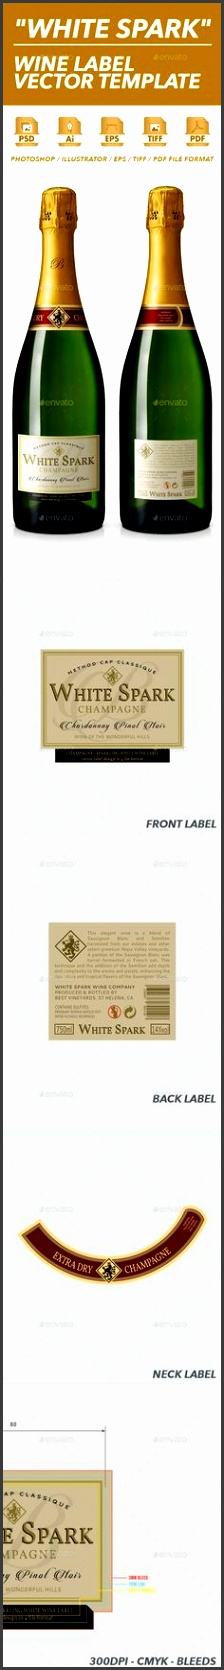 28a293ccb2abdfd3cae66f5ecff0add1 label templates print templates
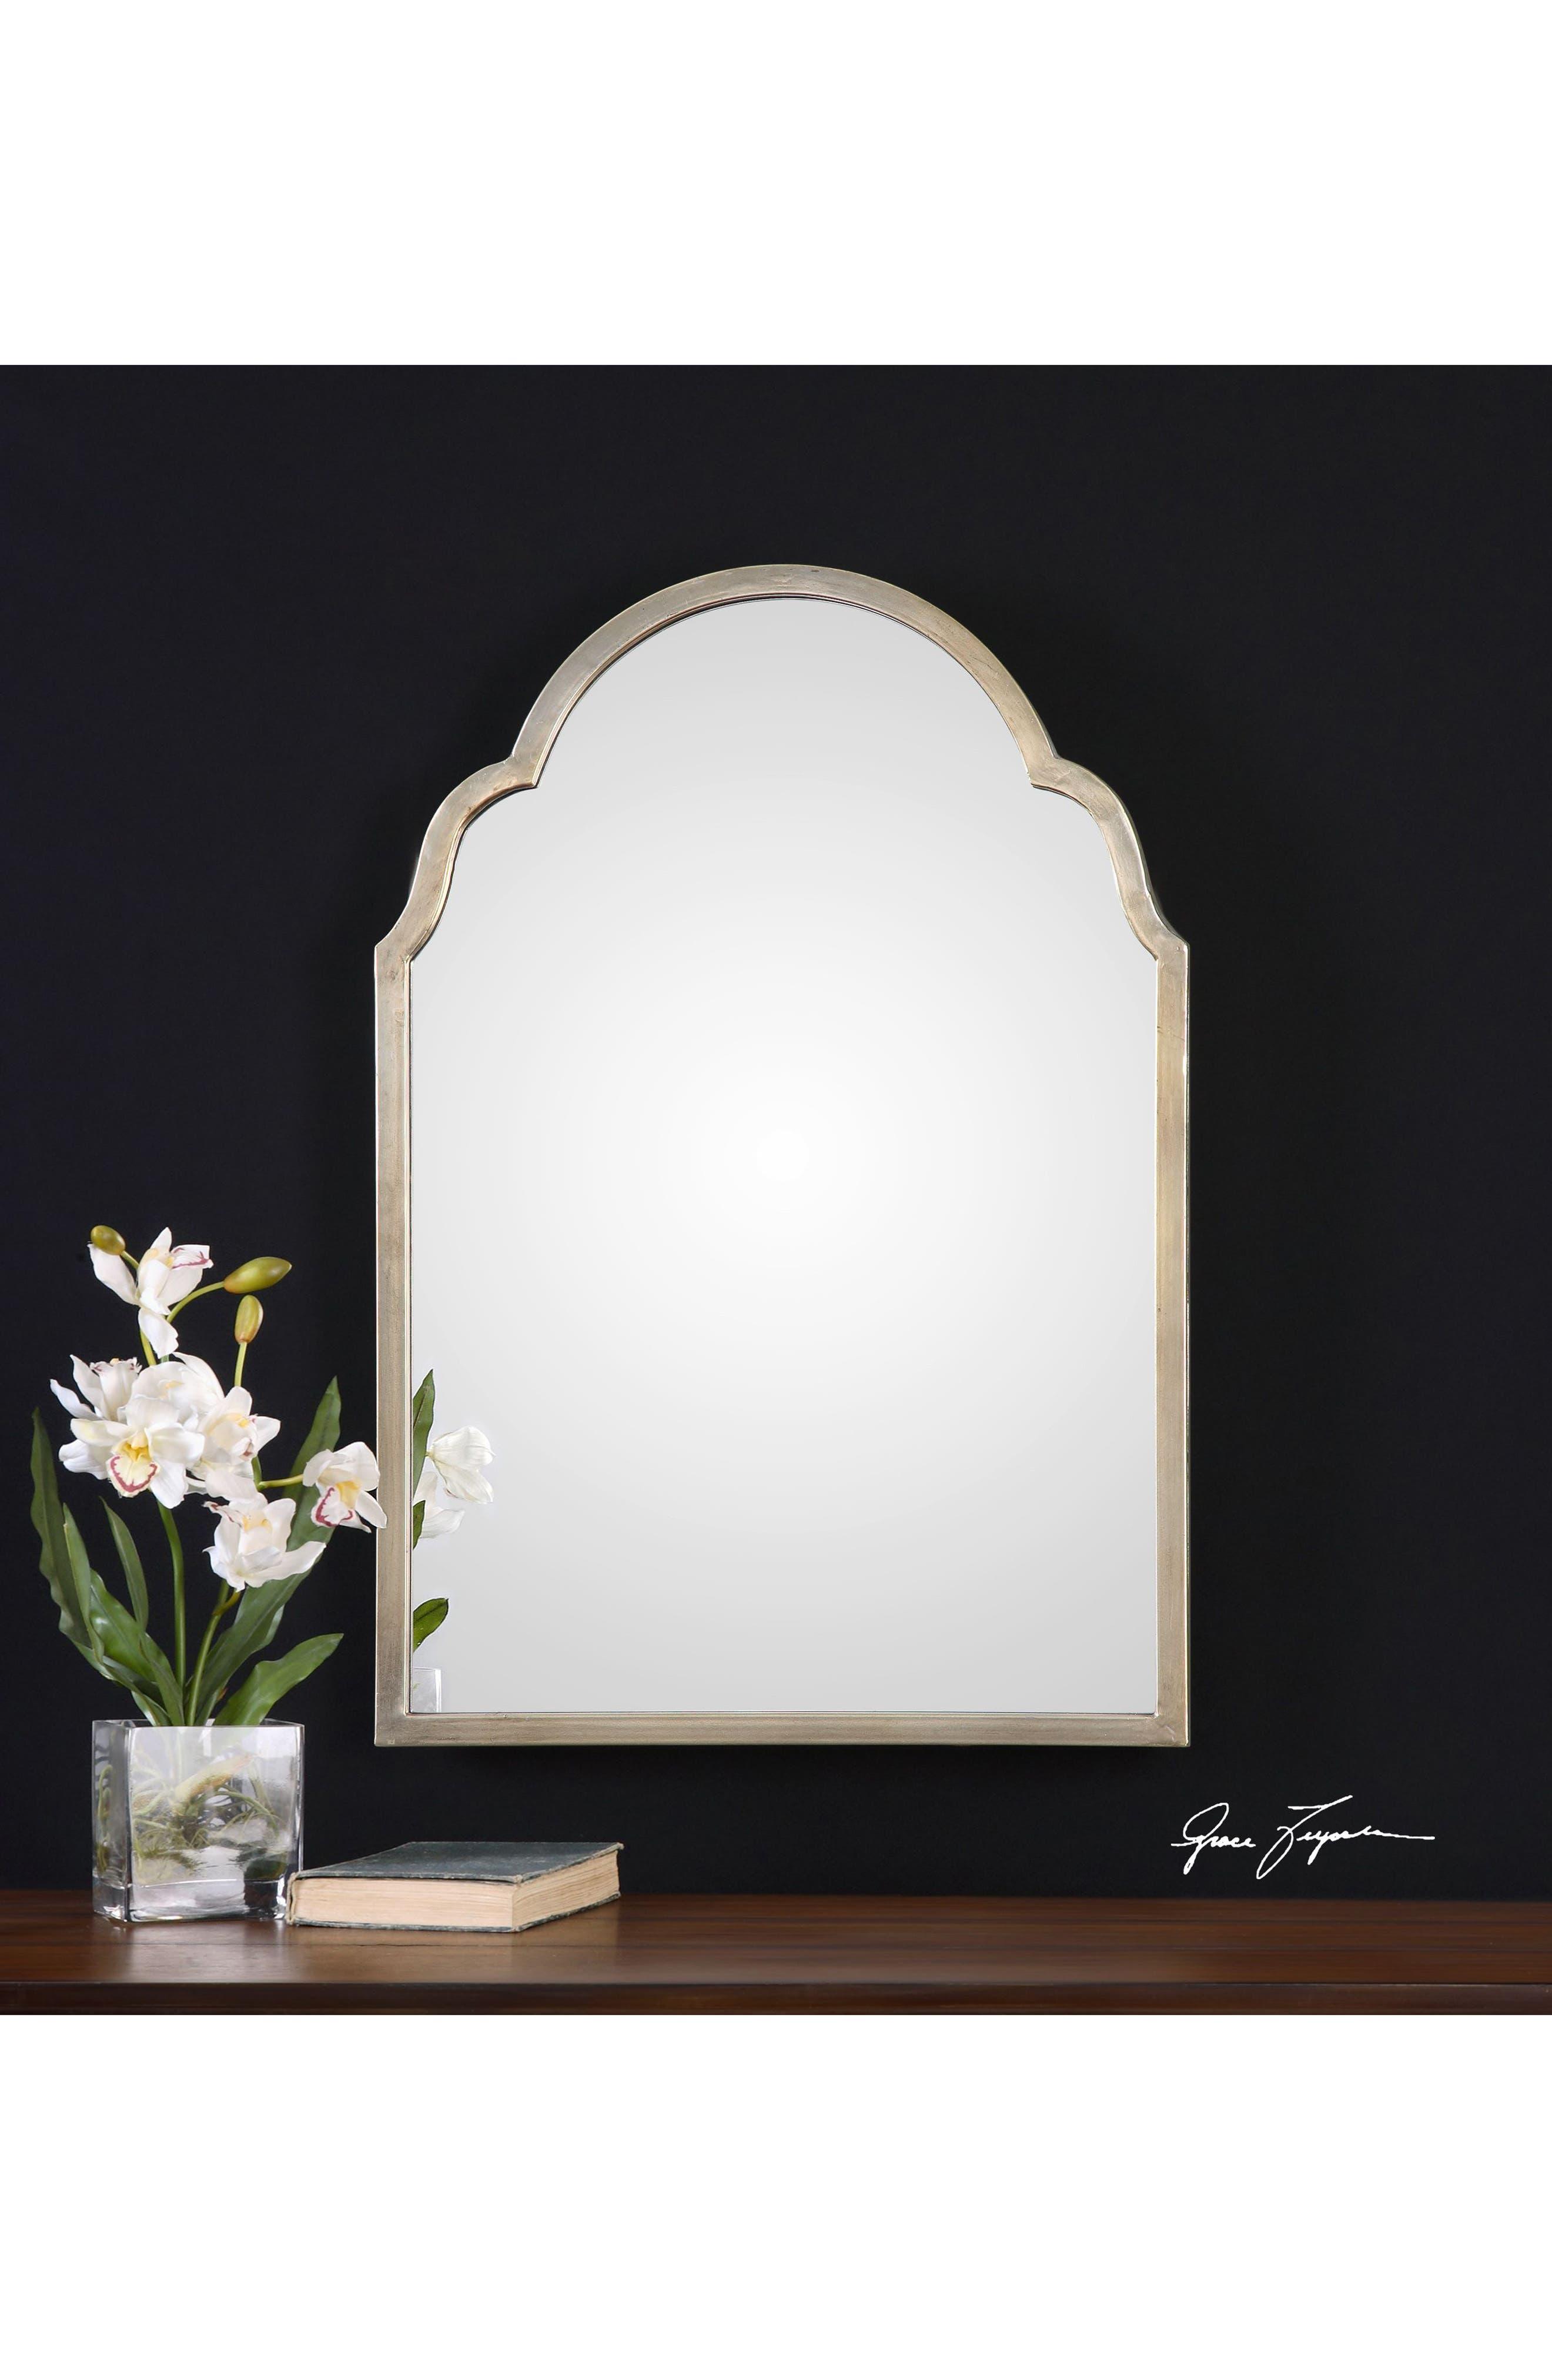 Brayden Small Arch Mirror,                             Alternate thumbnail 2, color,                             040
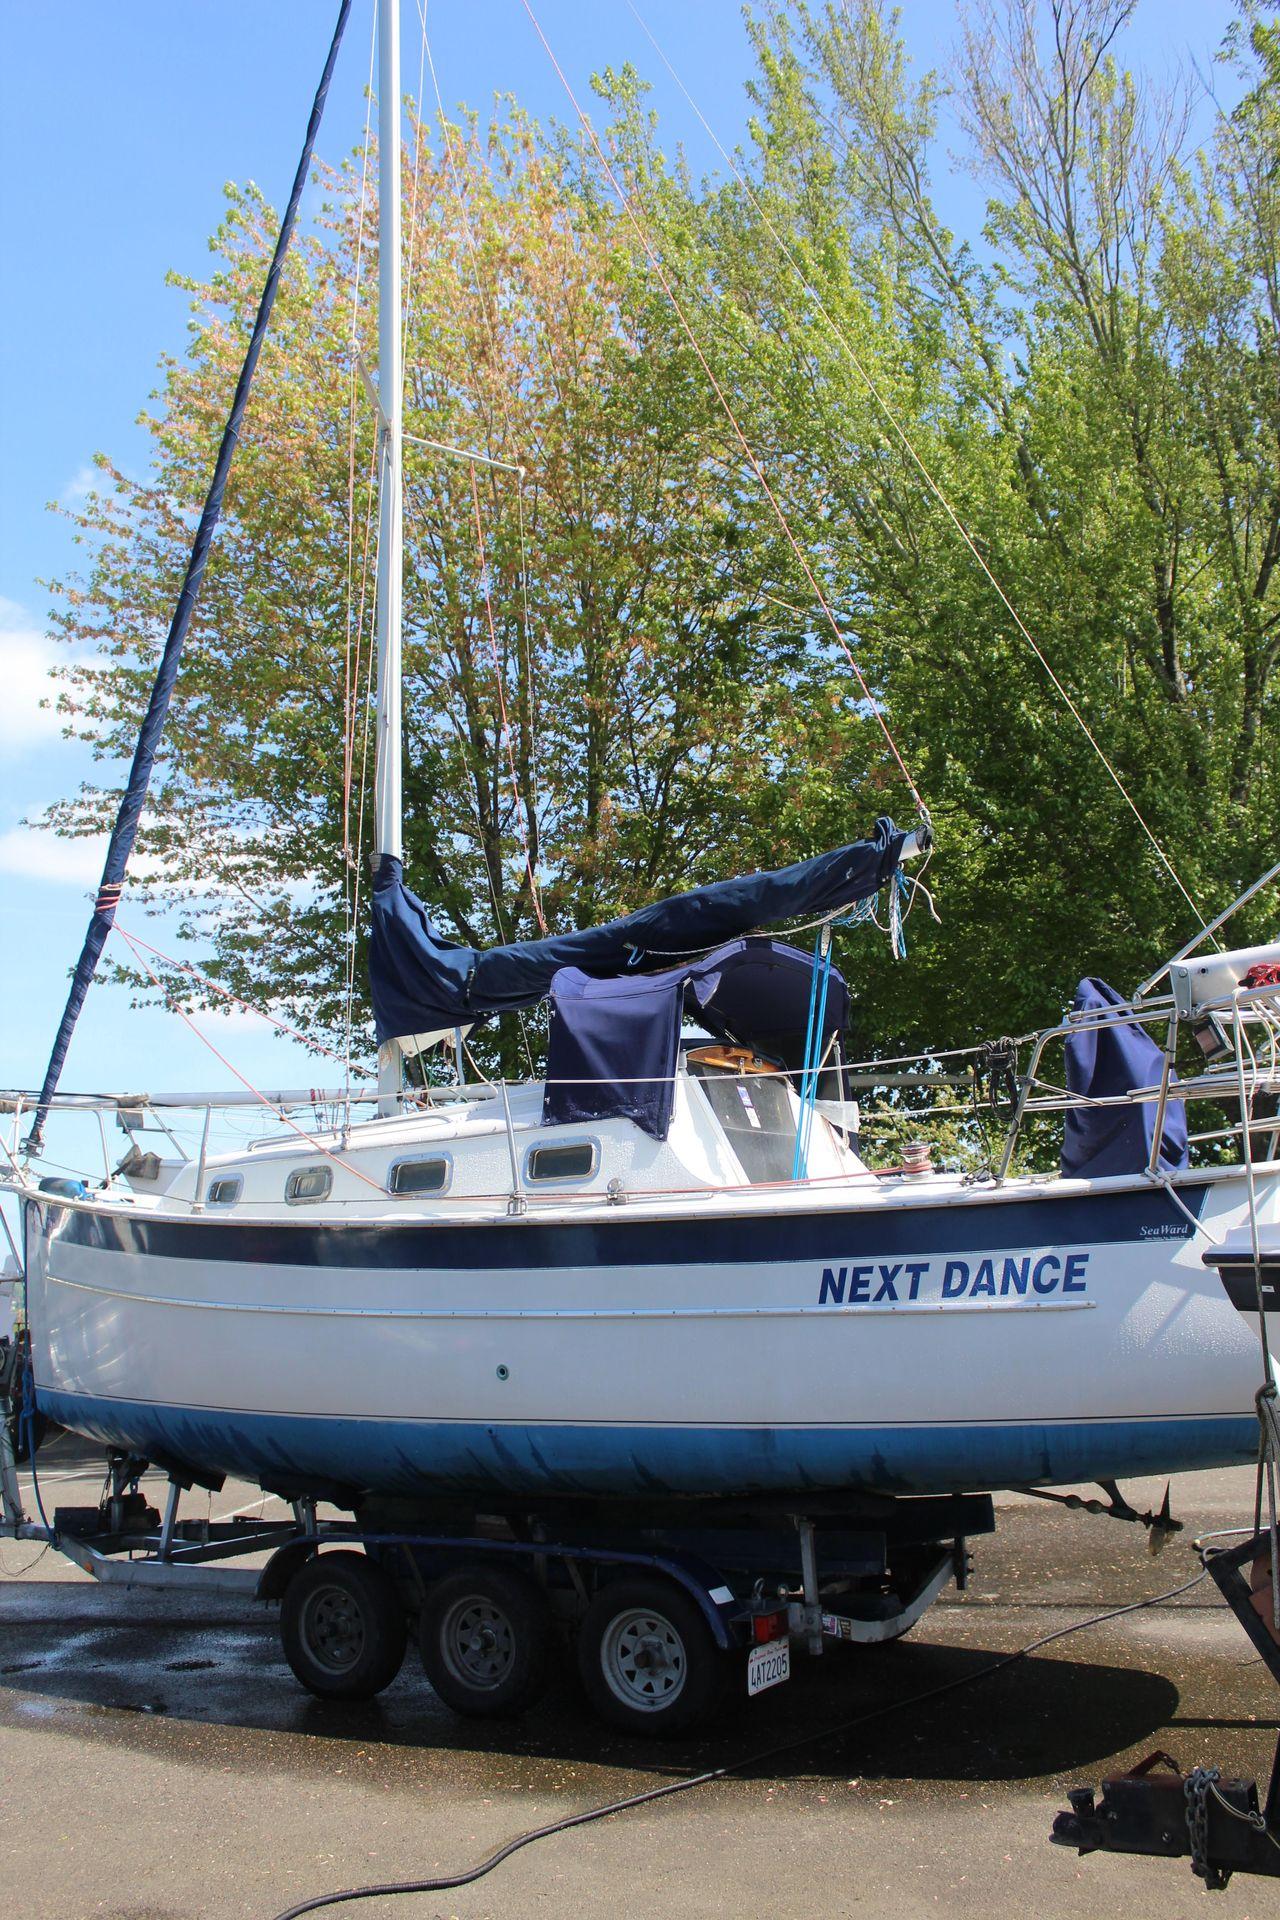 1999 Used Seaward 25 Cruiser Sailboat For Sale - $24,900

Problem to work on: Could you retype every line above exactly as it appears, skipping the pictures?

Solution to the problem:
 28a293ccb2abdfd3cae66f5ecff0add1 label templates print templates
 Brayden Small Arch Mirror,                             Alternate thumbnail 2, color,                             040
 1999 Used Seaward 25 Cruiser Sailboat For Sale - $24,900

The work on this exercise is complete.